JUDGMENT Hon’ble Pankaj Naqvi, J.—This is plaintiff’s second appeal against the judgment and decree dated 5.5.2005 passed by the Additional District Judge, Court No. 8, Allahabad in Civil Appeal No. 418 of 1993 whereby suit for injunction filed by the plaintiff-appellant has been dismissed. 2. Ram Harakh (since deceased and now represented by his legal representatives) filed a suit for permanent injunction stating that to the north of the land in dispute shown by letters ‘Aa’, ‘Ba’, ‘Sa’ and ‘Da’ in the plaint map, adjoins his old ancestral house prior to abolition of zamindari; the land in dispute and the house adjoin each other and a door opens in it; subsequent to abolition of zamindari, the land in dispute vested in his predecessor’s, as its owner; the land in dispute was being used as abadi to the knowledge of the village inhabitants and that of the Gram Sabha, since considerable period; the defendants have no concern with the same, even then they threatened to interfere with the plaintiff’s peaceful possession, hence the suit. 3. A written statement was filed stating that the defendants are in possession of the disputed for the last 30 years, in which they used to tether their cattle and for the purposes connected therewith; the plot in dispute is erstwhile ‘sehan’ and through the same a ‘nabdan’ also flows; the plaint map is contrary to the spot position; during consolidation the disputed land was earmarked as abadi for the defendants. 4. The trial Court upon consideration of evidence found that the plaintiff failed to adduce any material on record that the disputed land was given to him during consolidation, although in cross-examination he had stated that the disputed land was a chak of one Ram Gopal, but the possession was of the plaintiff and that during the consolidation the same was allotted to him. Thus, the trial Court disbelieved the case of the plaintiff on his own admission that on one hand, he admitted that the disputed land was a chak of one Ram Gopal but given to him subsequently and on the other, the same is in his possession for the last 30 years, thus, there was an inherent contradiction in his case. The trial Court further found that the defendants have a patta of the disputed land from the Gaon Sabha. The Court found no possession of plaintiff and dismissed the suit. 5.
The trial Court further found that the defendants have a patta of the disputed land from the Gaon Sabha.

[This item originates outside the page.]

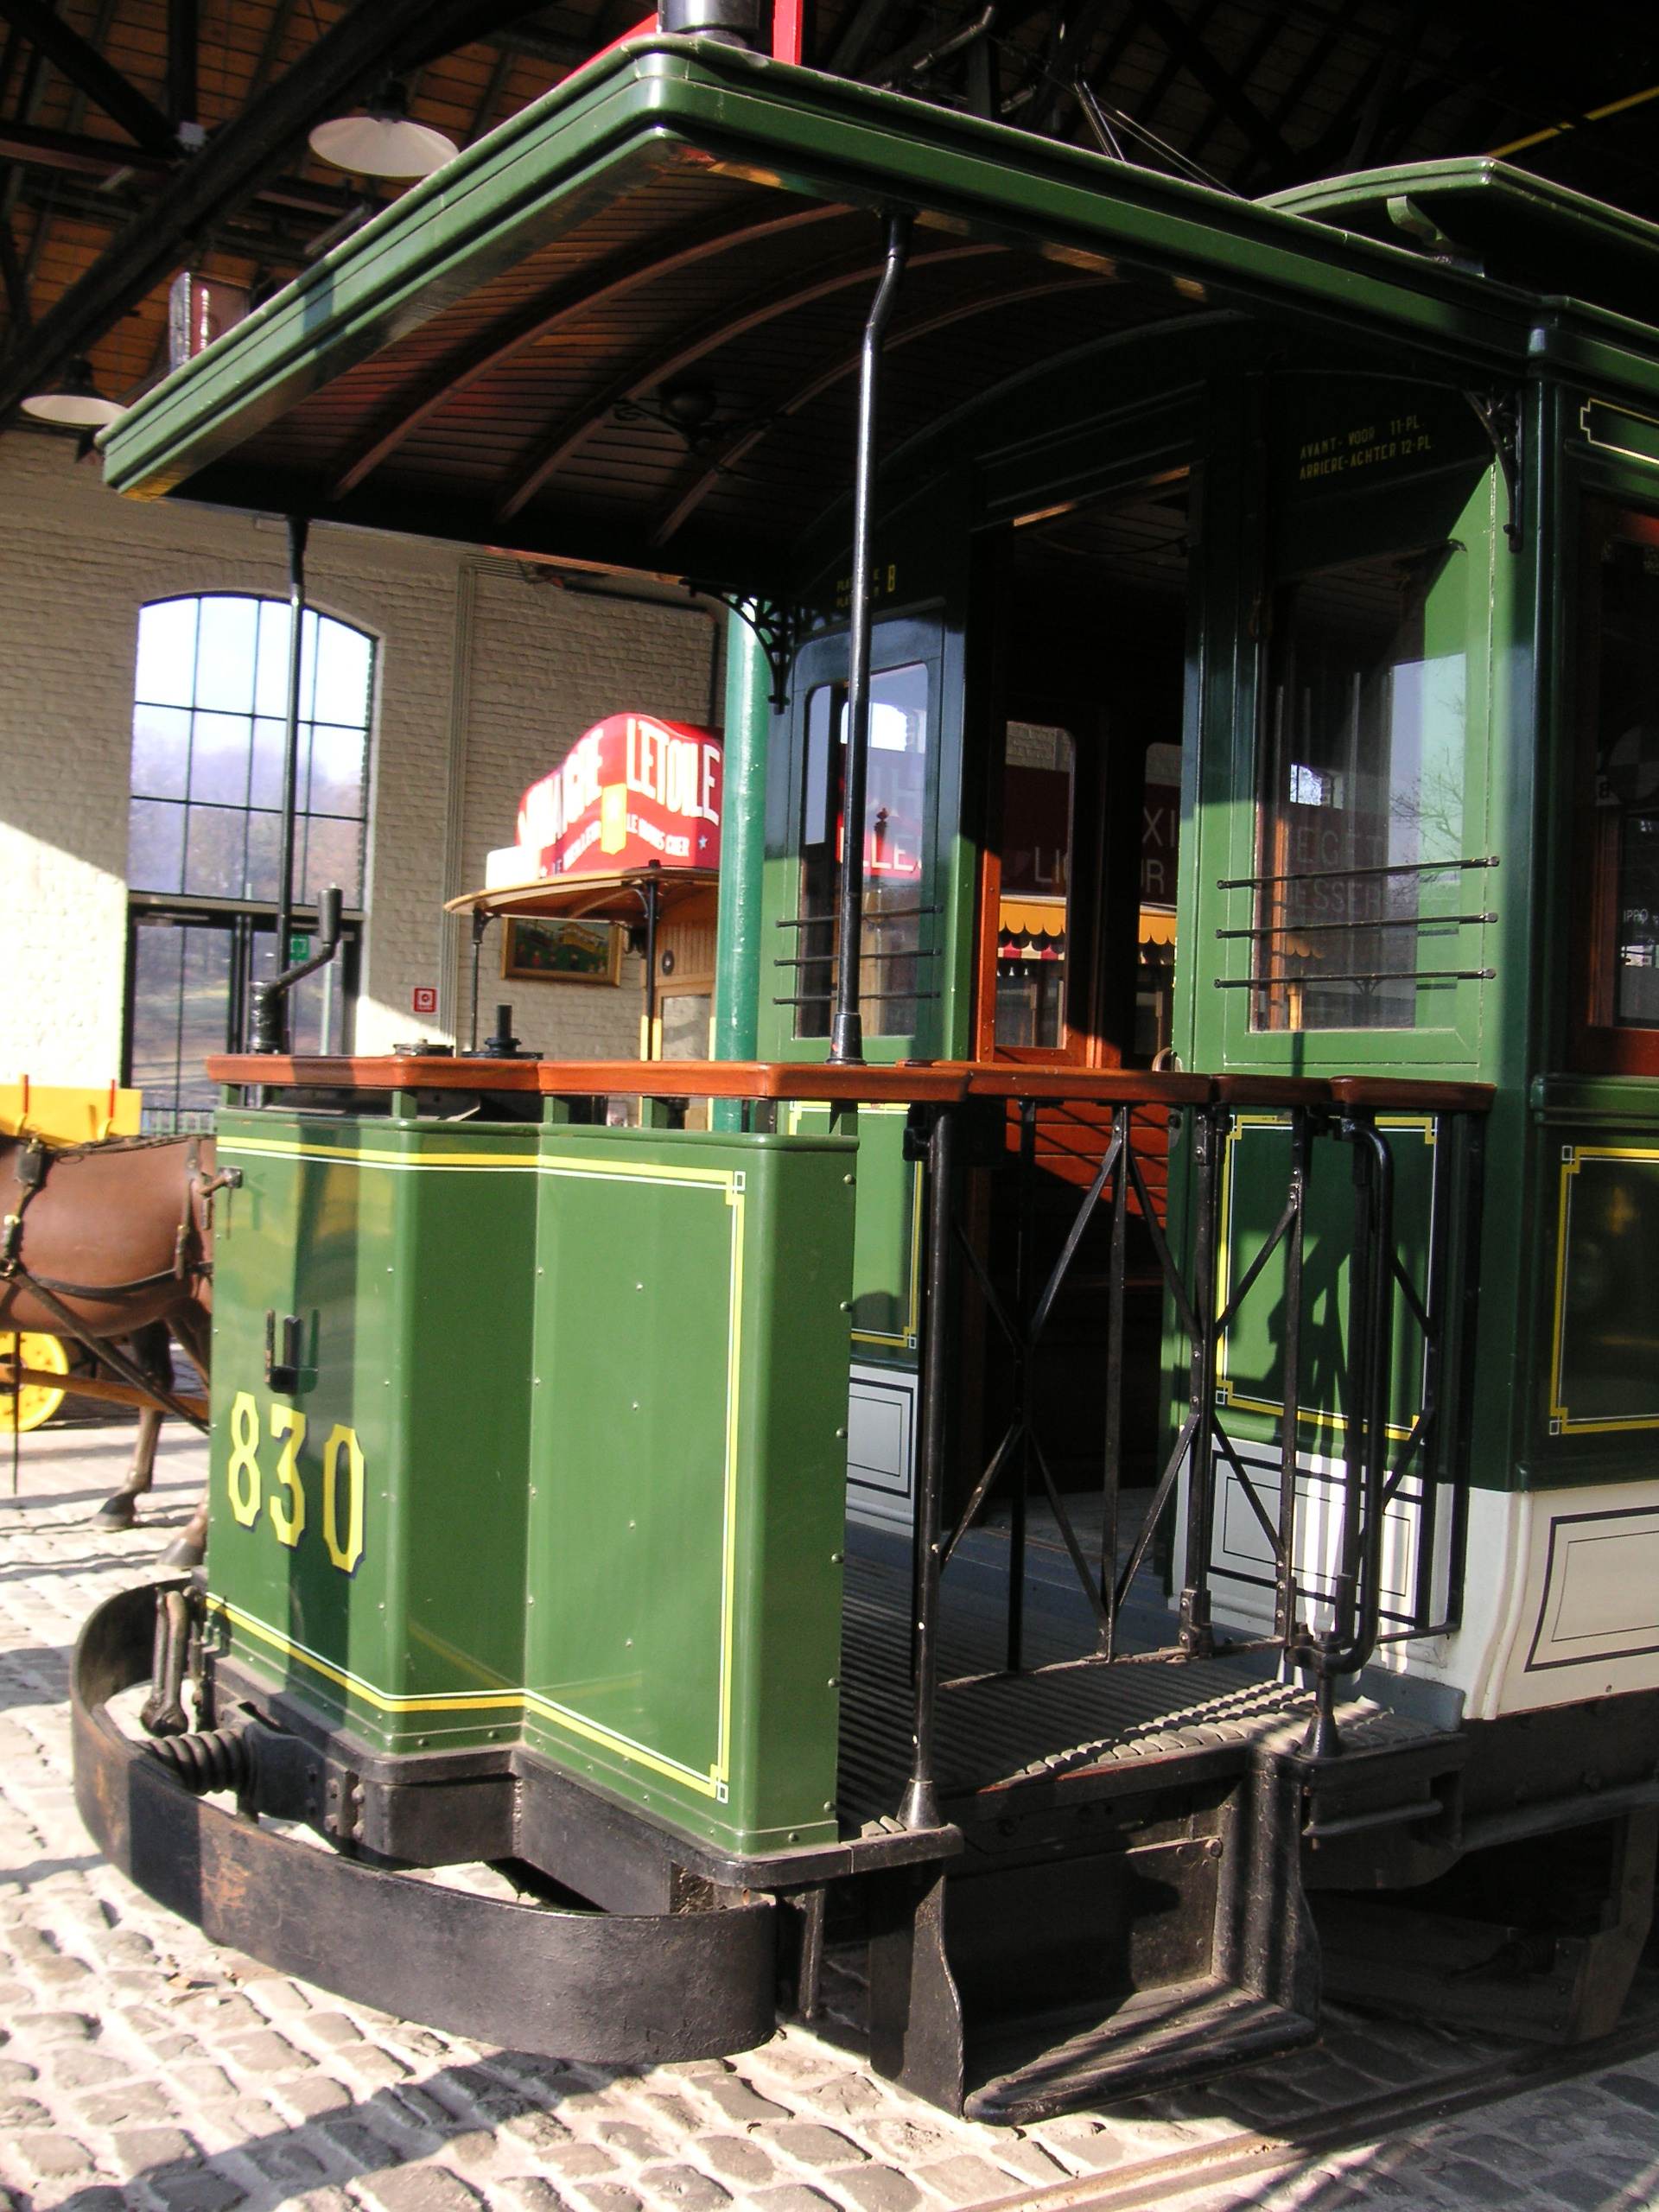 Musée du Tram (Musée du Transport Urbain Bruxellois)

The Court found no possession of plaintiff and dismissed the suit. 5. The Appellate Court found that the additional documents filed at the appellate stage are documents pertaining to consolidation and the same would have no bearing in respect of the disputed land, which is abadi; the Vakil Commissioner also reported that the sehan of the plaintiff is on the eastern side of the house, whereas in the plaint it was stated to be on the southern side of the house; the Commissioner further found that a ‘sadar darwaza’ of the plaintiff is on the eastern side. The plea of appellant/plaintiff that the disputed land had vested in them cannot be accepted, as only open land in front of ‘sadar darwaza’ (eastern side) stands vested in terms of Section 4 of the United Province Abadi Act, 1948. The Appellate Court further observed that settlement of disputed land (abadi) cannot be established by any consolidation document. Thus, the appellate Court found that the plaintiff-appellant has failed to prove that the disputed land belonged to him and dismissed the appeal and the plaintiff has preferred this second appeal. 6. It was strenuously urged by Shri B. Malik, learmed counsel for the appellant that the documents filed by him at the appellate stage and admitted on 8.9.2003, if considered in proper perspective, would have resulted in the reversal of the decree of the trial Court and as the same was not adverted to, a grave miscarriage of justice has occasioned. He further submits that on the basis of the additional evidence such as Form 23, Form 41, Form 45, Consolidation Map for 1992-93, Khatauni from 1402 Fasli to 1406 Fasli and Khasra for 1405 Fasli the disputed land is now in appellant’s name and moreover, the patta in favour of the respondents has been cancelled on 12.5.1997. He further submits that the plaintiff/appellant had not taken the plea of Section 9 of the U.P.Z.A. & L.R. Act and the findings of the Court below are perverse. 7. Per contra, submission of Shri Ashish Srivastava, learned counsel for the respondents is that as the judgment of both the Courts is concluded by findings of fact, based on proper appraisal of evidence, the Courts below, committed no illegality in dismissing the suit. 8.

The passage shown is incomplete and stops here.